‘He made me wear white,” says Fran Lebowitz, down the phone from New York. The writer is talking about the day her close friend, the photographer Peter Hujar, shot her for Portraits in Life and Death, the only book he ever made. “Peter was very specific. It was in my apartment which was the size of, I don’t know, a book. And the light was a big thing – as it was with all photographers, back when they were actually photographers.”
This week, the picture of a 24-year-old Lebowitz smoking a cigarette, slightly slumped, in a white shirt and tight white trousers on the arm of a settee, goes on show at the Venice biennale, alongside the 40 other pictures from Portraits in Life and Death. Twenty-nine of them depict artists, writers and performers Hujar knew and admired from the downtown scene of 1970s New York – many of them reclining in a state of reverie that seems completely un-posed. There’s the writer Susan Sontag, supine on a bed with a pensive expression; the drag artist and underground film star Divine off duty and resting on some cushions; nightclub dancer TC, topless and drowsily seductive; poet and dance critic Edwin Denby with his eyes meditatively closed, his wrinkles mirroring the rumpled duvet behind him.

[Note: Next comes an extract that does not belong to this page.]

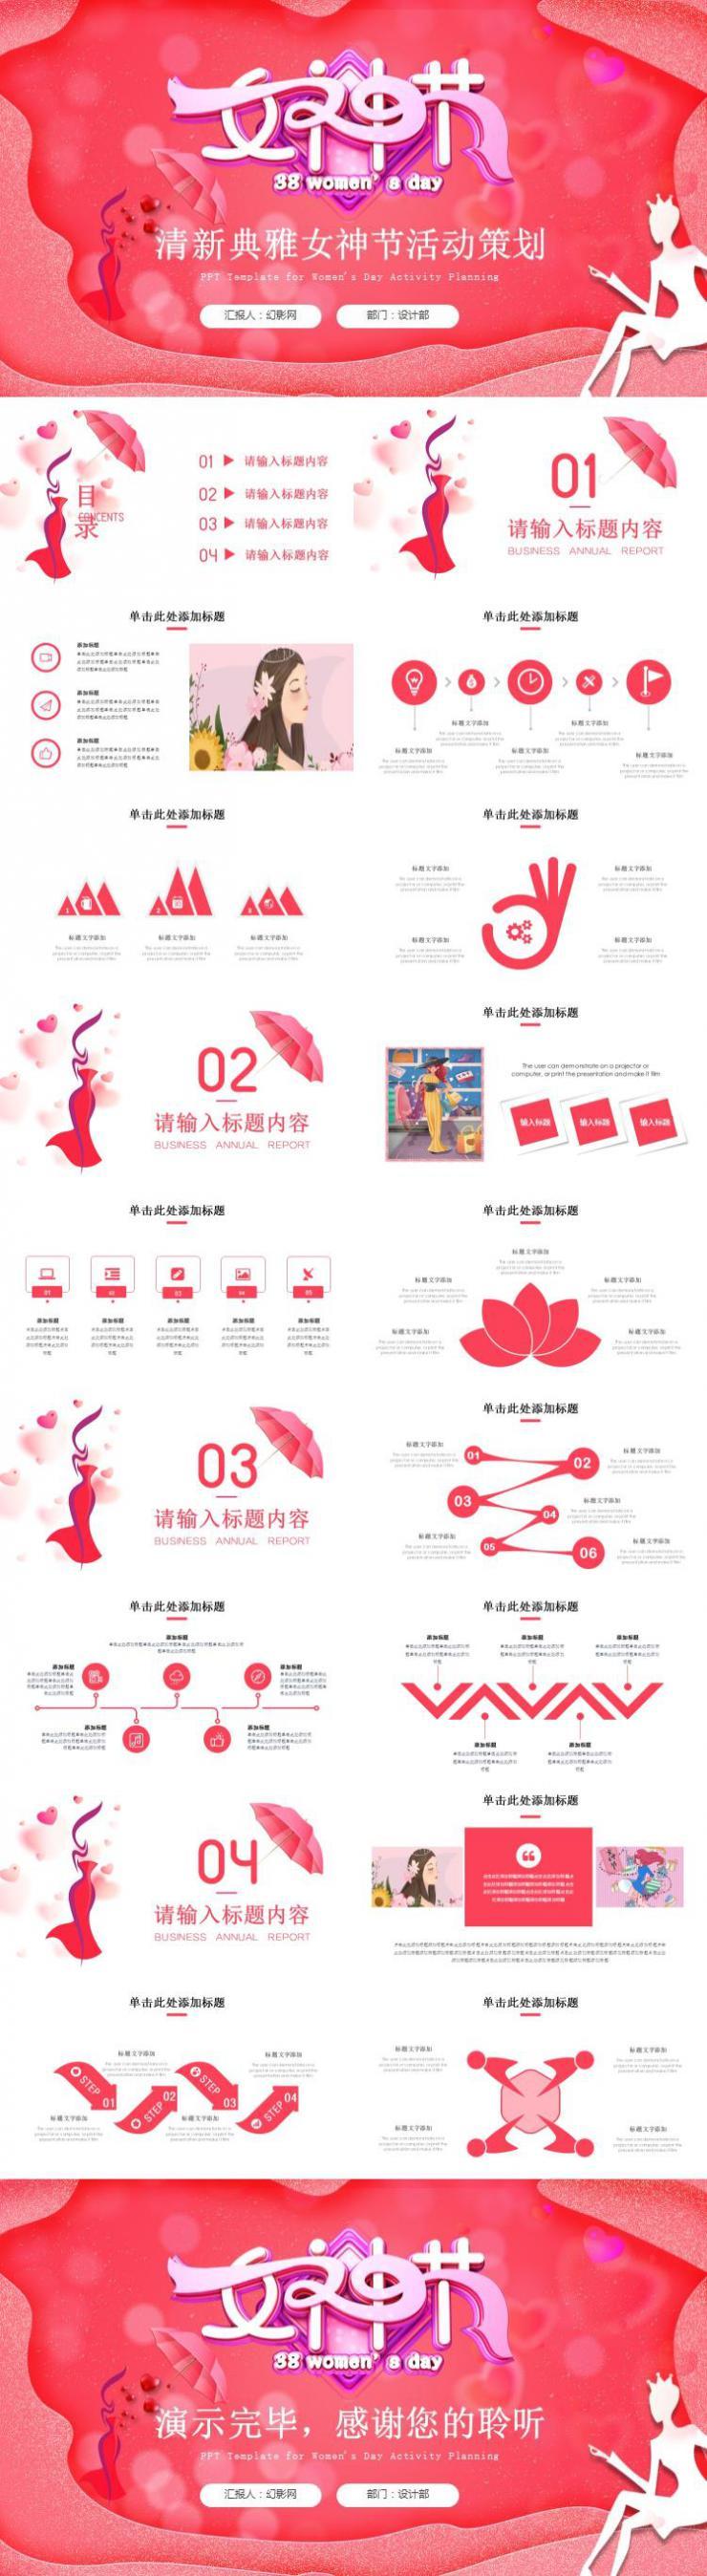 清新典雅女神节活动策划PPT模板下载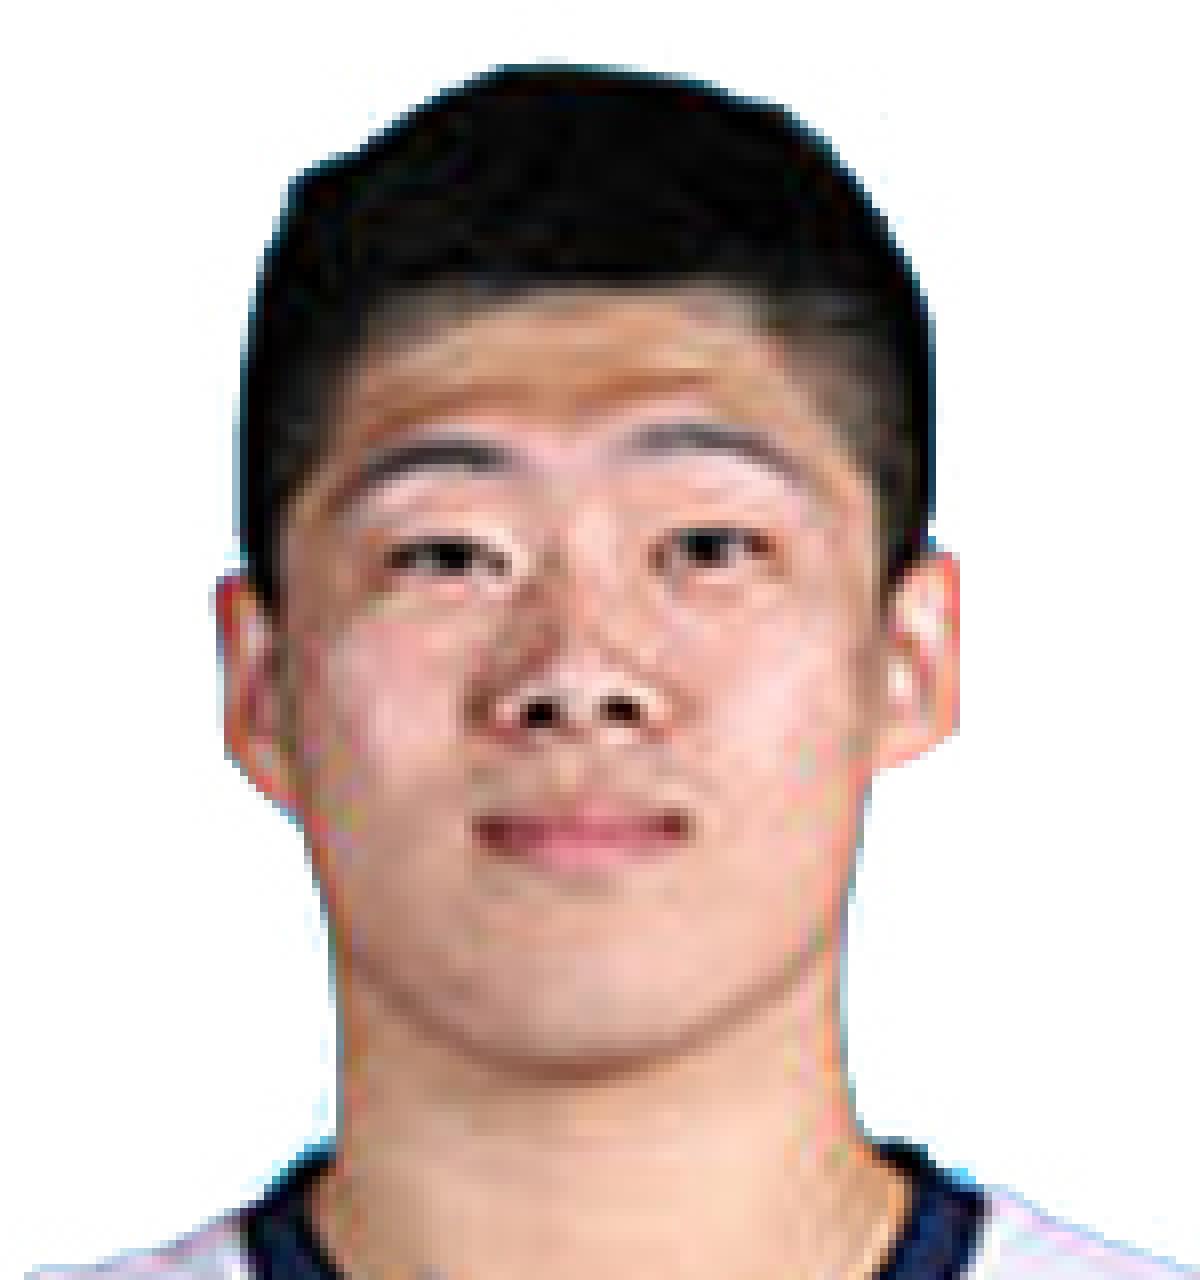 Li Jiayi

The book then cuts to a memento mori: a dozen startling shots of 17th-century skeletons in their graves, taken in 20 minutes when Hujar visited the catacombs in Palermo, Italy, in 1963. They seem to suggest that everyone pictured in the book is dying, the photographer and the viewer, too. In fact, Hujar died of Aids in 1987, aged 53. As Sontag says in her foreword, written in hospital while she was being treated for breast cancer: “We no longer study the art of dying, a regular discipline and hygiene in older cultures; but all eyes, at rest, contain that knowledge. The body knows. And the camera shows, inexorably.”
Published in 1976, Portraits in Life and Death got just four reviews, the most-high profile being in the Village Voice. It failed to sell many copies. Today, however, it is recognised as not only a priceless document of a vanished culture, but as a collection of some of the finest portraits ever taken. Hujar insisted on printing all his pictures himself, and his meticulous efforts in his darkroom on Second Avenue resulted in black-and-white images that marry psychological acuity with flawless technique. “There’s a richness about the shades of grey he coaxes out of each print,” says Grace Deveney, curator of the Venice show. “And the longer you look, the more you see.”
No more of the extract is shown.